La muerte significaba una fotografía. Era así de sencillo y poco doloroso. Observaba aquellos álbumes donde una mujer joven sonreía, y aquella imagen significaba no existir o existir sólo en el recuerdo, poca cosa. Por eso le gustaba volver las hojas y ver en ellas aquellos ojos que se parecían a los suyos y que nunca hacían preguntas. En realidad, era ella la que interrogaba a los demás. Durante años se dedicó a investigar el pasado. Hacía preguntas al tío cuando lo encontraba de buen humor, a la tía, que le respondía nerviosa y cambiante como el viento, e incluso a Miquel, que hacía muchos años que conocía aquella familia. Nunca sacó nada en claro respecto a los hechos que precedieron su llegada al mundo. La única respuesta eran los álbumes, unos trozos de cartón donde siempre aparecían las mismas escenas. El resto era una vieja historia hecha de verdades a medias y de alguna mentira que le contaron en el pueblo. La gente comentaba esta historia de vez en cuando y, aunque todo el mundo callaba al advertir su presencia, ella recogía los fragmento«y les daba color. A partir del comentario de uno o de la confidencia de otro, con las cuatro frases que robaba de una conversación escuchada al azar, reconstruía lo que debió de suceder y llenaba los espacios en blanco de cada silencio.

Los tíos le dijeron que su madre murió joven, poco después de nacer ella. Hablaban de una larga enfermedad, pero no contaban muchas cosas más. Los detalles debía descubrirlos ella sola. Quizá en el álbum donde había una imagen exacta de ella. Una imagen algo amarillenta a causa del tiempo, tintada con los colores de las sombras, que servía para explicarle cómo había sido. Una figura que sólo quería decir muerte pero que todavía mostraba, a pesar de los años y del color amarillo del papel, unos ojos casi tan llenos de dudas como los suyos.

En las fotografías aparecían otras personas al lado de aquella chica. Estaba la tía, rejuvenecida de repente, con un paraguas abierto o un libro entre sus manos porque no podía evitar sentirse tensa ante la cámara y necesitaba el contacto de algún objeto que la salvara de aquella proximidad. Era curioso que con los años no hubiera perdido la manía de encogerse ante las cámaras y, en cambio, no conservara ni una brizna de su encanto de antes. Le parecía una broma de mal gusto.
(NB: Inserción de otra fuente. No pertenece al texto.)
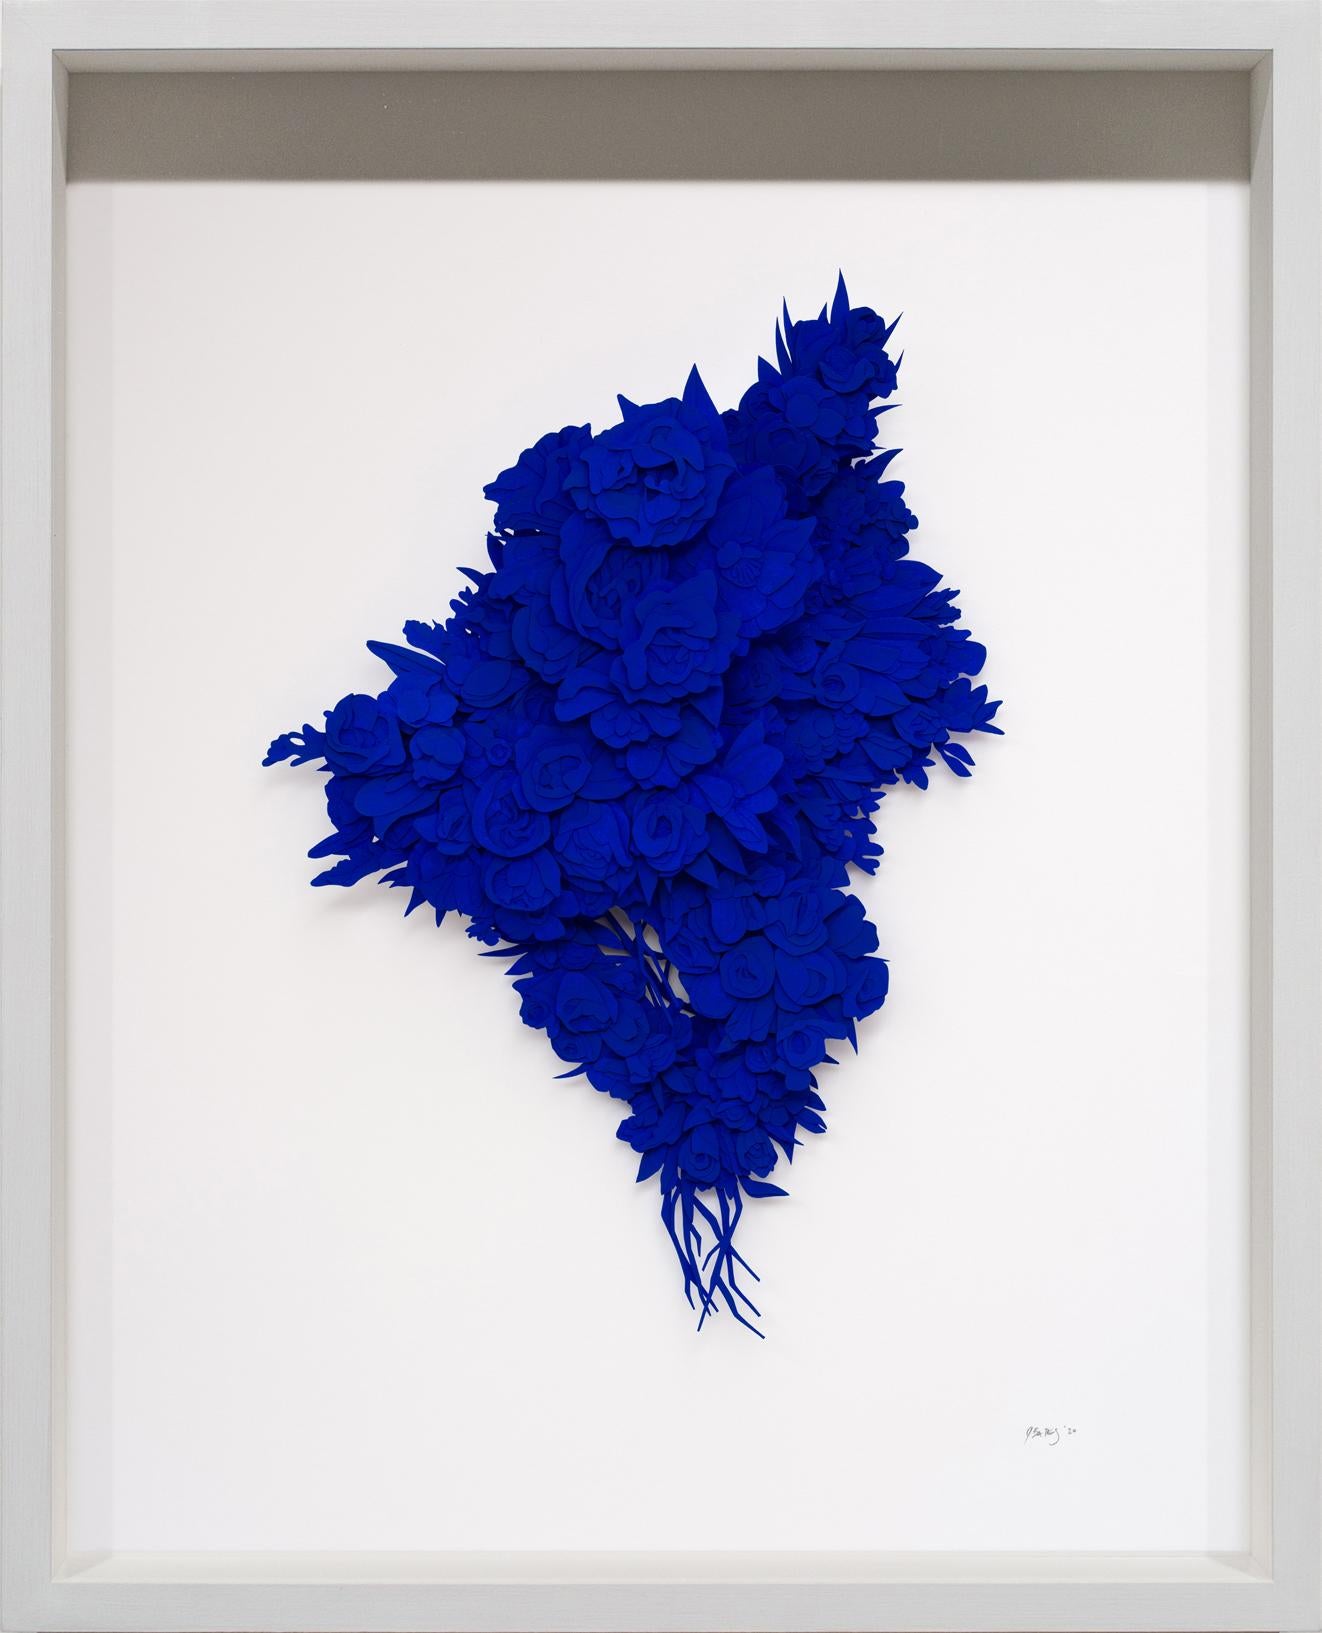 « Explosion #11 », sculpture de fleurs en papier taillé bleu cobalt, œuvre d'art florale

Debió de haber un malentendido —tal vez se trataba de una bruja malvada, o quizá sorda— porque tan sólo le permitió eternizar el miedo que le producía un objetivo.

Aparecían también las amigas de las dos hermanas, unas esbeltas adolescentes convertidas hoy en floridas matronas. Estaban los abuelos con su rostro arrugado y los puños de la camisa o del vestido blanquísimos. También estaba el tío Martí, con su bigote recortado. Le gustaba el tío de antes. Le recordaba aquel soldadito de plomo que los primos guardaban entre sus juguetes, más tieso que un huso, con la mirada alerta.

En algunos de los retratos, el tío aparecía junto a su madre y su tía. Eran fotografías de grupo donde los tres parecían felices. Algunas estaban tomadas en el jardín de aquella misma casa, bajo las arcadas del porche. Siempre aparecía el mismo trozo de cielo, a veces nublado, otras muy despejado, y un sauce. Una vez, cuando era niña, se entretuvo en manchar las imágenes. Tuvo que preparar la operación con cuidado: espió los pasos del tío —aquel que no se parecía en nada al hombre del papel porque, estaba convencida, lo habían cambiado por otro, aunque nadie más que ella se hubiera dado cuenta del cambio—, abrió los cajones de la mesa de su despacho, donde nunca entraba porque a aquel sustituto no le gustaba que hurgaran en sus carpetas, y encontró el botecito de tinta negra, que de tan oscura se parecía a la sangre de la rodilla de Guillem el día en que cayó y dejó que la herida se secara ante sus ojos maravillados, hasta que el rojo se volvió oscuro a más no poder.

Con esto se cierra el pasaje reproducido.